▸ Your instructions: Write out, word for word, every line in the data below from the one containing "Counter-Strike 1.6 Wallpaper 4k Pc" to the one containing "Phó chủ tịch", both of them included.

▸ Working data:
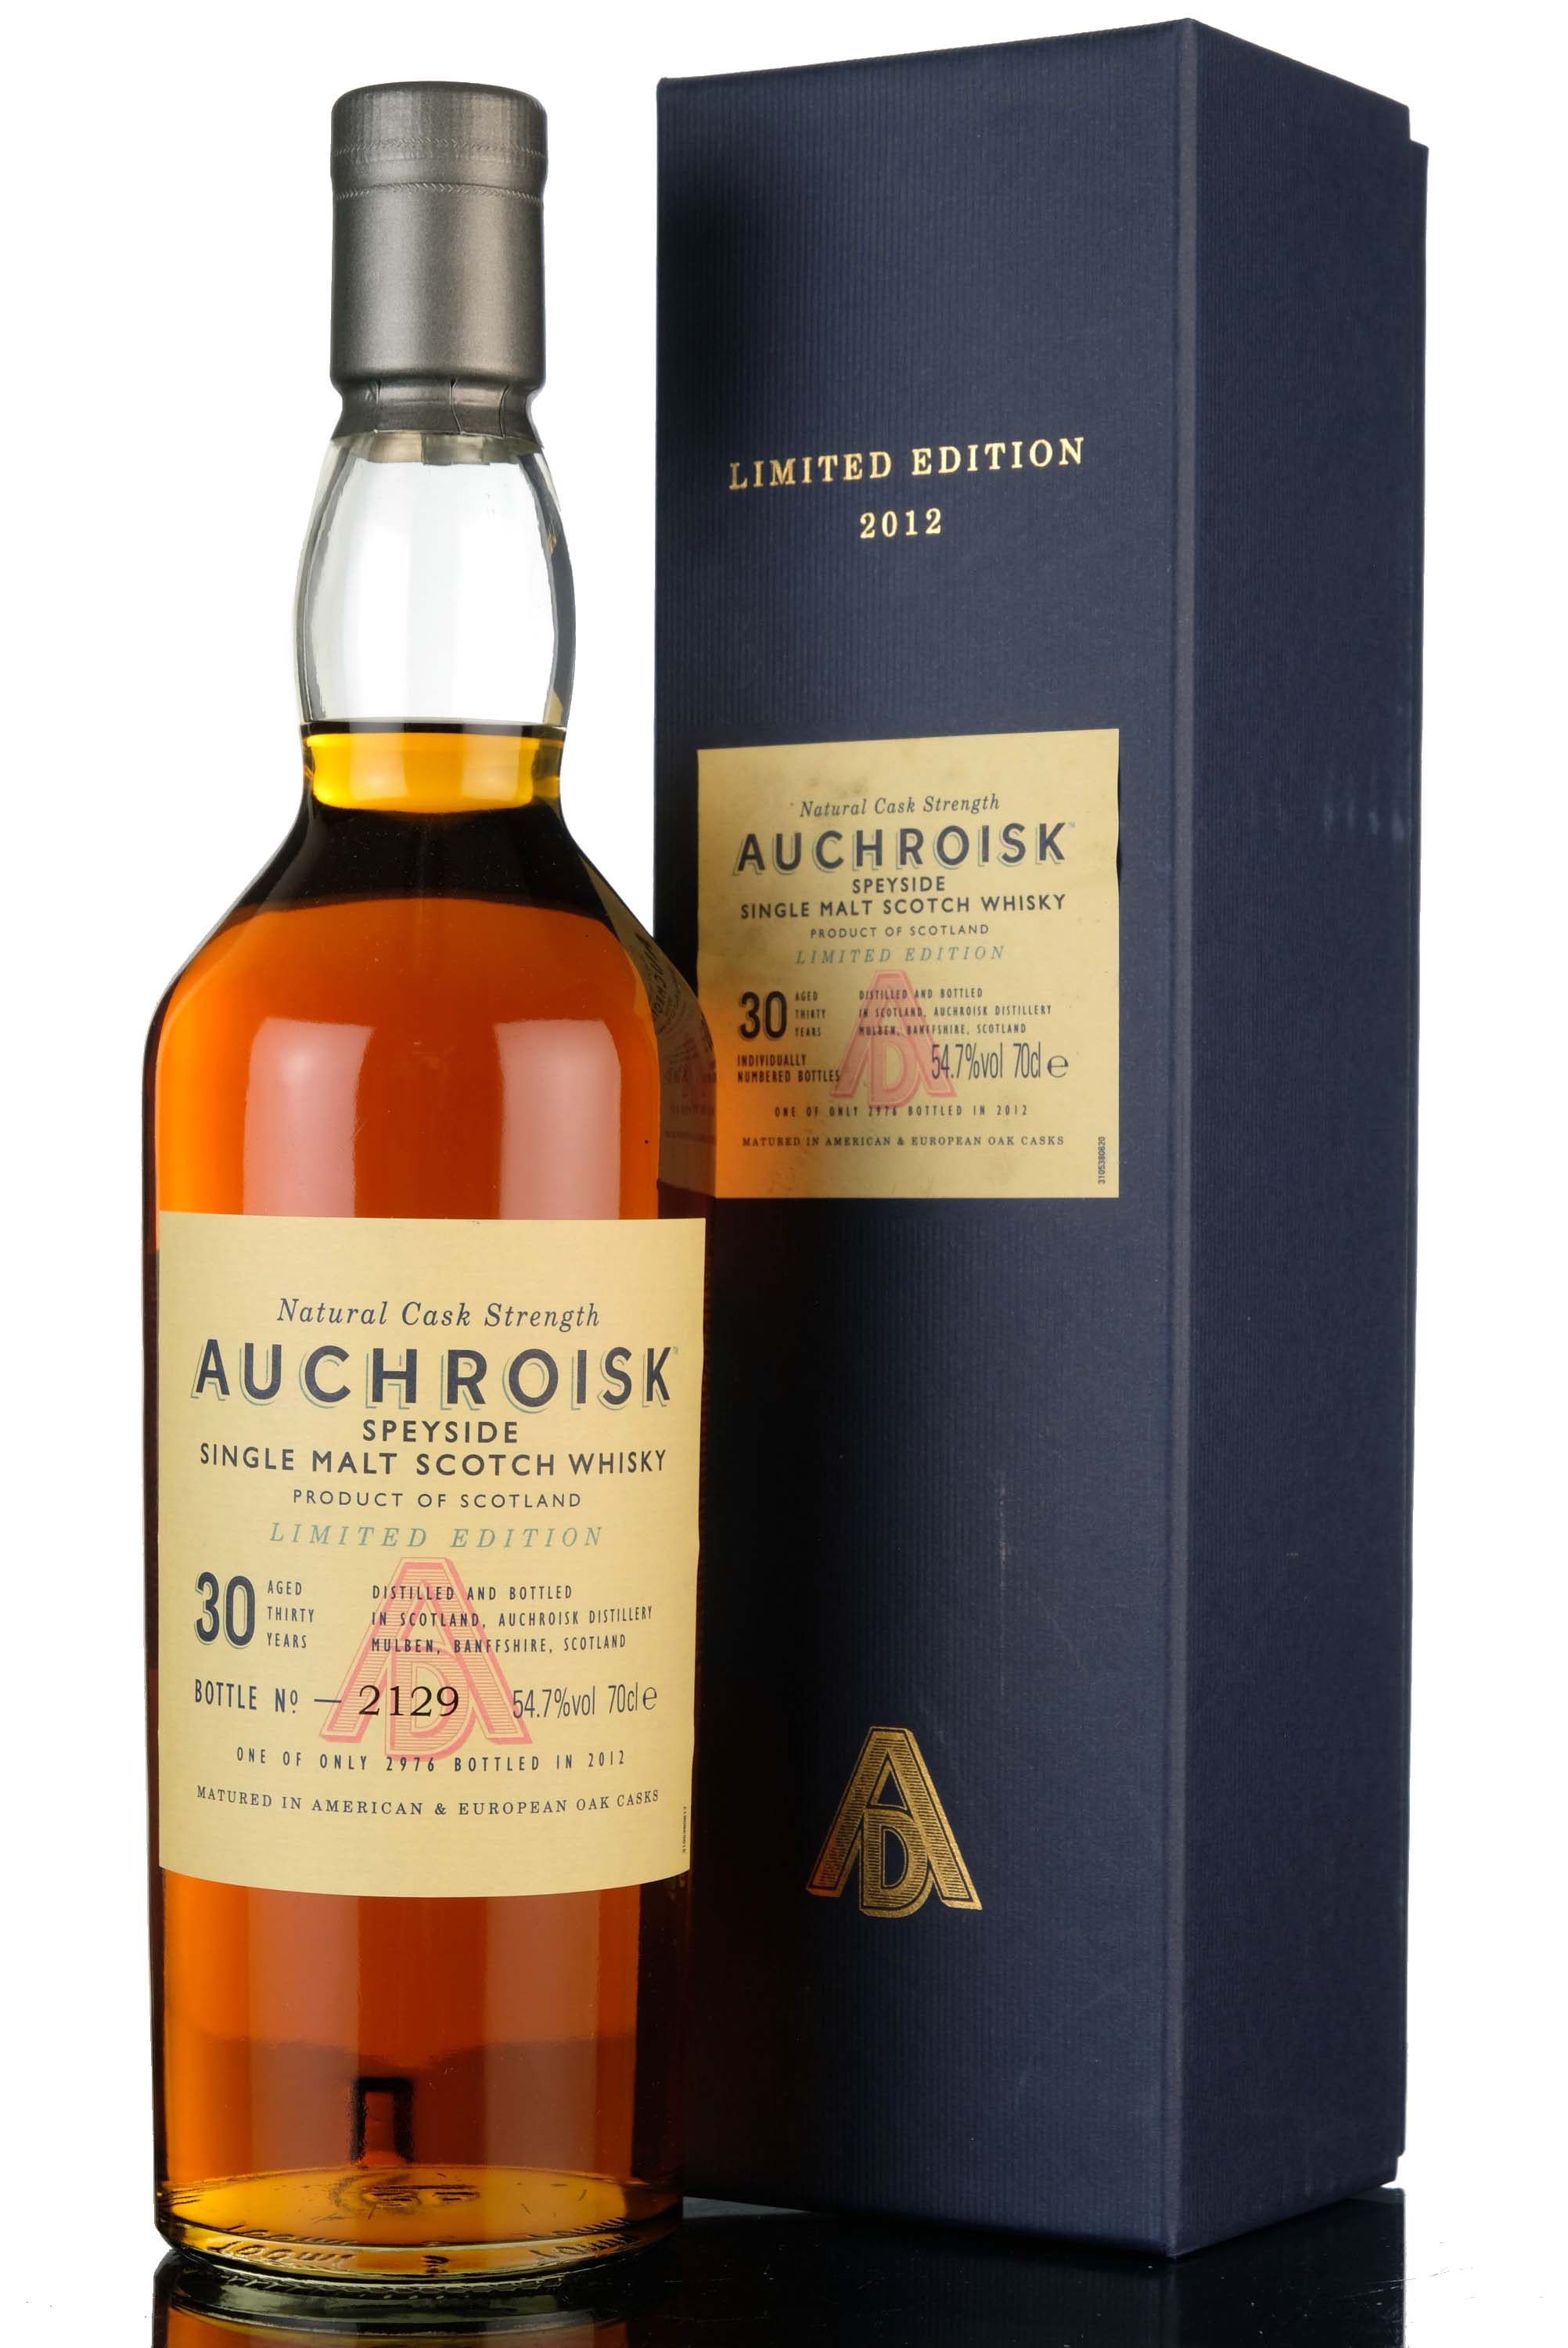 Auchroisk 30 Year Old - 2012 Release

...

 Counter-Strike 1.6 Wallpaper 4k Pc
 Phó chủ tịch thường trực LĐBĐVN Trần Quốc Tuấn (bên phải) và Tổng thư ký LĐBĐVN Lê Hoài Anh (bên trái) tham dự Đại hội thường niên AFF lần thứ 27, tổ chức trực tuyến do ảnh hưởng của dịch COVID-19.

▸ Result of this task:
 Counter-Strike 1.6 Wallpaper 4k Pc
 Phó chủ tịch thường trực LĐBĐVN Trần Quốc Tuấn (bên phải) và Tổng thư ký LĐBĐVN Lê Hoài Anh (bên trái) tham dự Đại hội thường niên AFF lần thứ 27, tổ chức trực tuyến do ảnh hưởng của dịch COVID-19.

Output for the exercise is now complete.